The District Six Foundation was established in 1989, five years before the end of apartheid, by former residents who refused to let the demolitions be the final word. The museum itself opened in 1994, the year South Africa held its first democratic elections. Its founding was an act of defiance: the apartheid government had spent two decades trying to erase District Six from the map, renaming it Zonnebloem, clearing the land, selling parcels to white buyers. The museum declared that a community is more than its buildings, that identity survives displacement, and that memory is a form of resistance. In 2003, the Netherlands honored the museum with a Prince Claus Award, recognizing its role in preserving cultural heritage against deliberate destruction.

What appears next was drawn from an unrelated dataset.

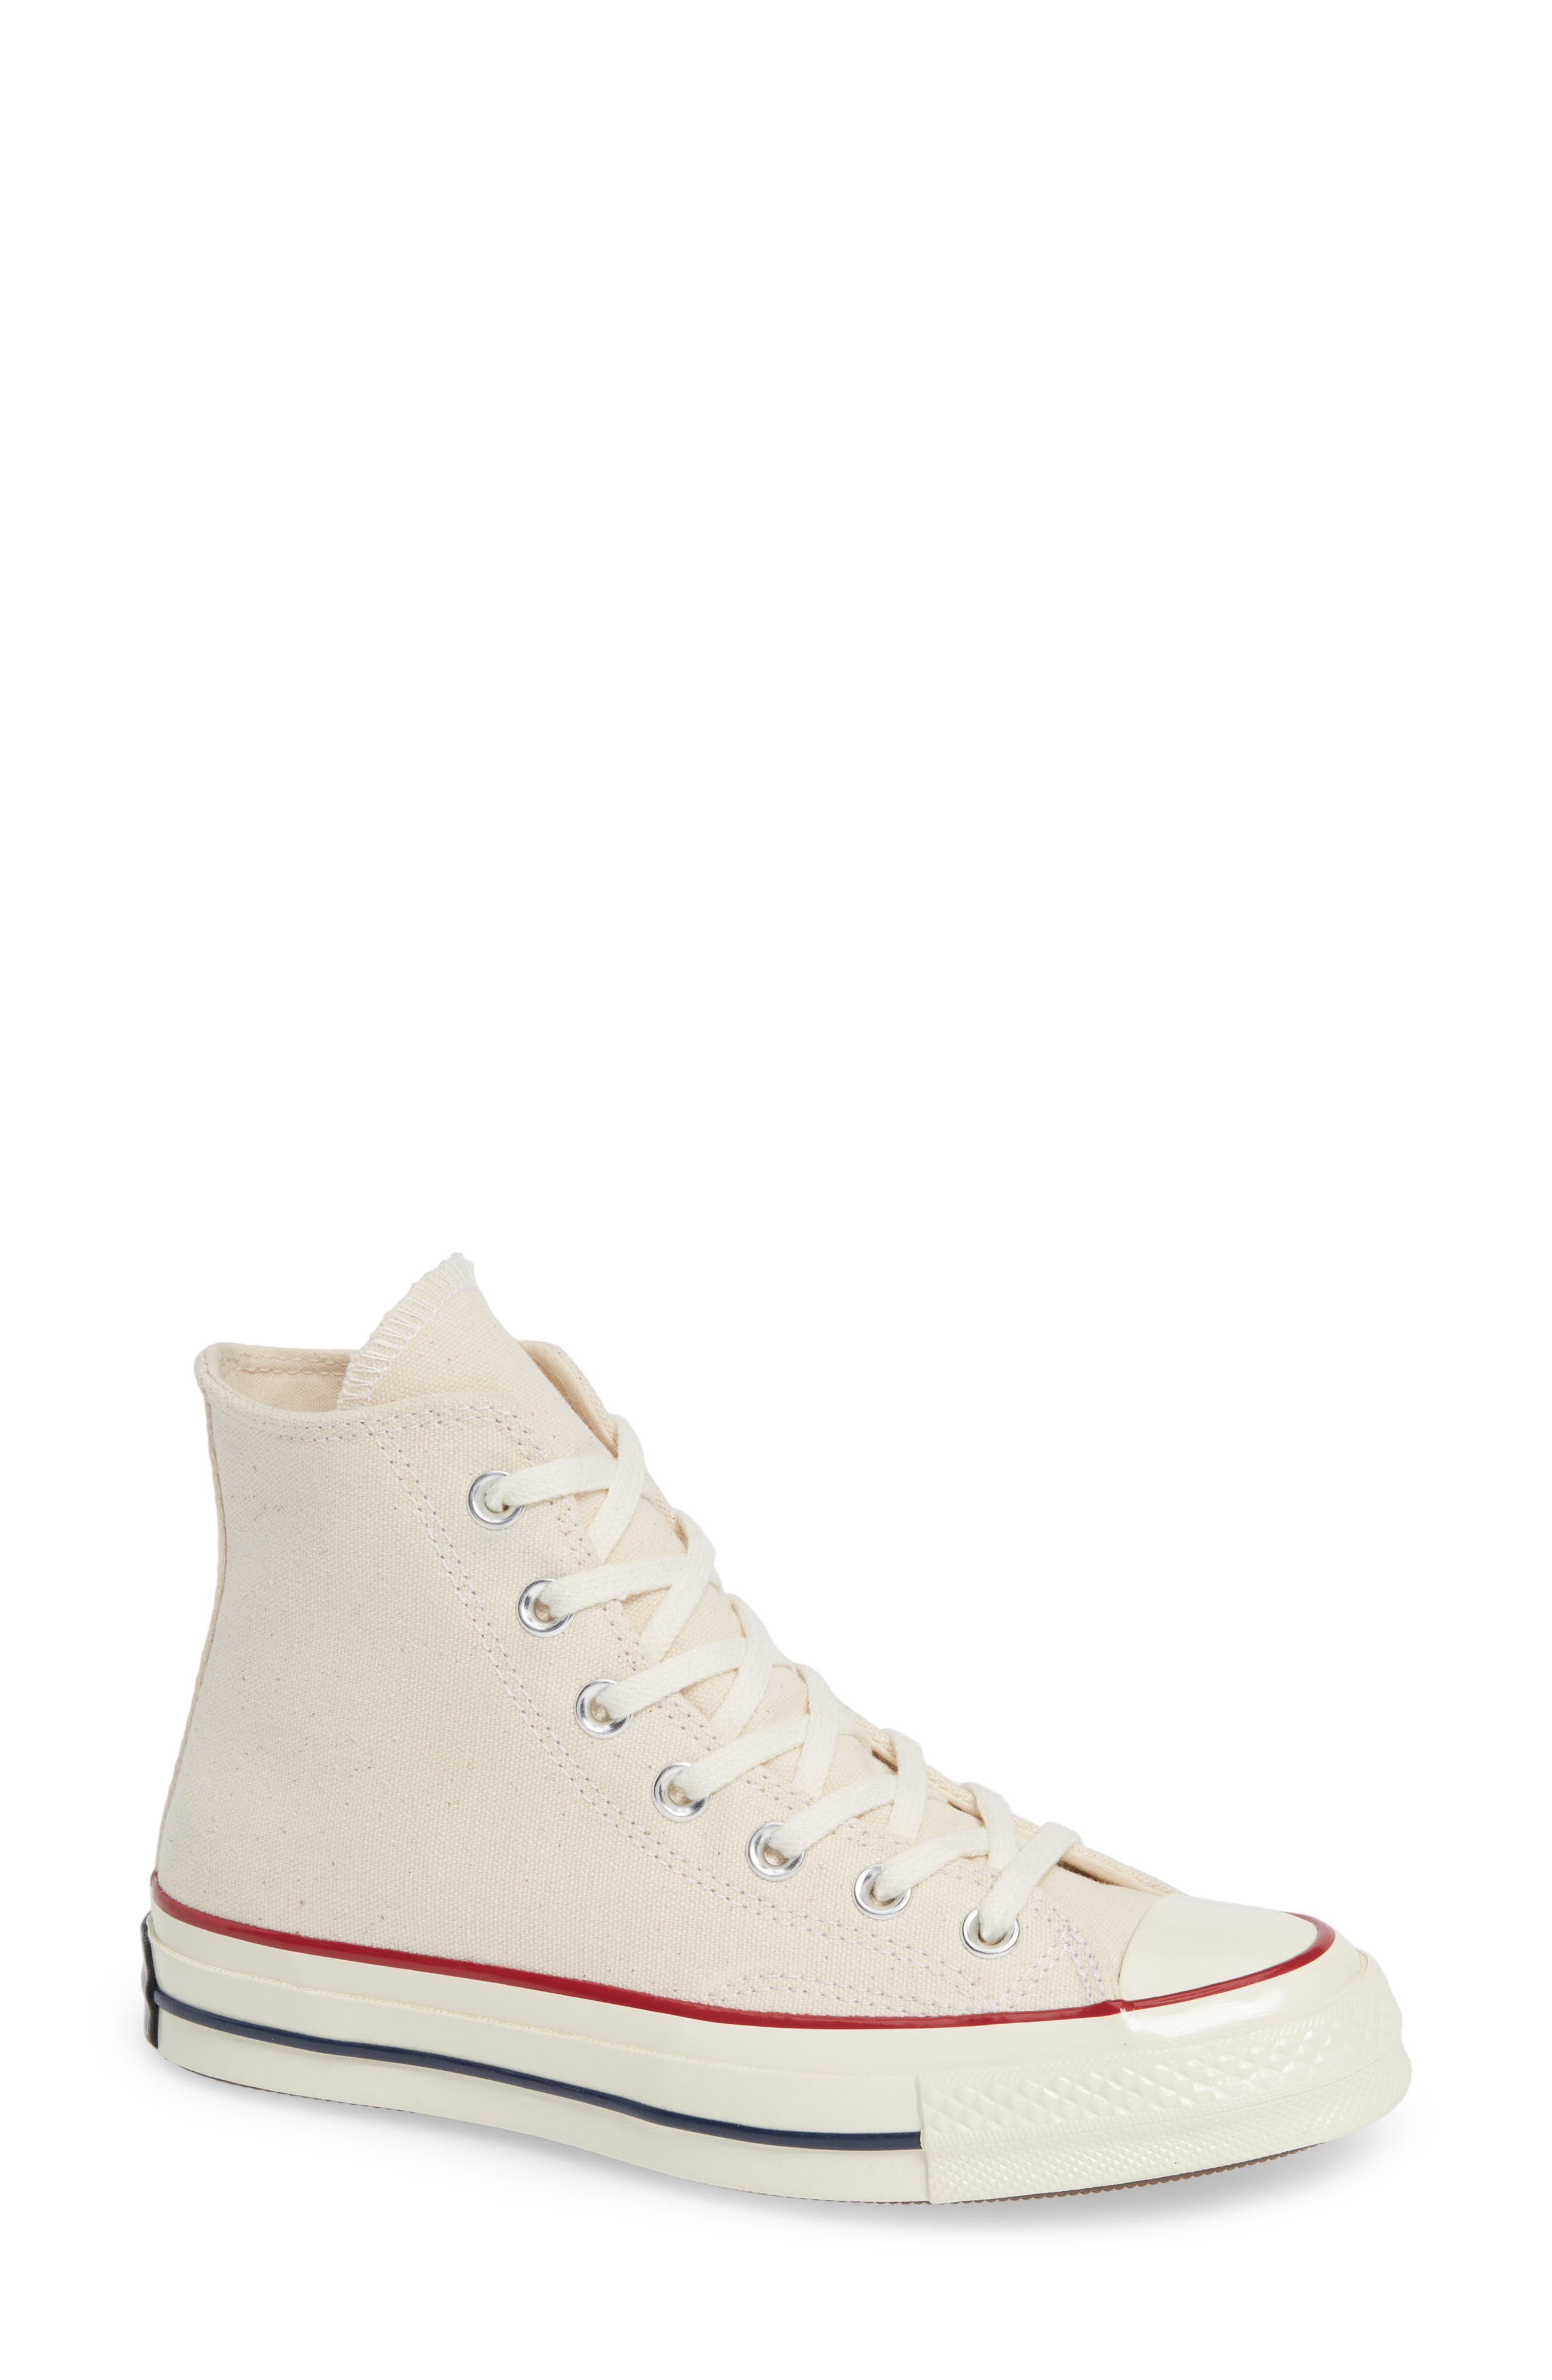 Converse Chuck Taylor All Star Chuck 70 High Top Sneaker, Ivory

Old street signs salvaged from the demolitions hang on the walls. Photographs show the neighborhood as it was: crowded, colorful, alive with the energy of a community where people of every background lived side by side. Among the most famous former residents was Abdullah Ibrahim, the jazz pianist known internationally as Dollar Brand, whose music carries the rhythms and melodies of the Cape Malay, African, and European cultures that mixed in District Six. The museum displays historical declarations, family photographs, exhibits about the lives of displaced families, and documentation of the demolition itself. It does not soften the story. Visitors see the bureaucratic machinery of forced removal - the notices, the orders, the legal language that turned homes into rubble.
The District Six Museum is not a place that locks history behind glass. It runs programs for current residents of the area, working on housing construction, environmental planning, and community arts projects in music, literature, and visual art. Its stated goal is to join people into a community built on respect for dignity, identity, and the coexistence of different races - the very values that apartheid sought to destroy. Former residents return to lead tours, telling visitors stories that no exhibit panel can capture: the smell of a neighbor's cooking, the sound of music drifting from a window, the particular quality of light on a Saturday afternoon in a neighborhood that no longer exists except in the minds of those who lived there.
The floor map remains the museum's most powerful exhibit. It works because it is participatory - former residents are invited to mark where they lived, to write their names and memories directly onto the map. Over the years, the annotations have accumulated into a dense palimpsest of individual grief and collective identity. No two notes are alike. Some are simple addresses. Others are longer, describing a tree, a shop, a view from a window. Together they form a portrait of a community that the apartheid state tried to delete from existence but that persists in handwriting on a museum floor, stubbornly legible, impossible to bulldoze.
The District Six Museum (33.928S, 18.424E) is located on Buitenkant Street in central Cape Town, in a former Methodist church. It sits at the western edge of the District Six area, close to the Cape Town CBD. The largely vacant land of the former District Six neighborhood is visible from altitude as an unusually empty zone between the city center and the lower slopes of Devil's Peak. Cape Town International (FACT/CPT) is approximately 17km to the east. Table Mountain (1,085m) dominates the skyline to the southwest.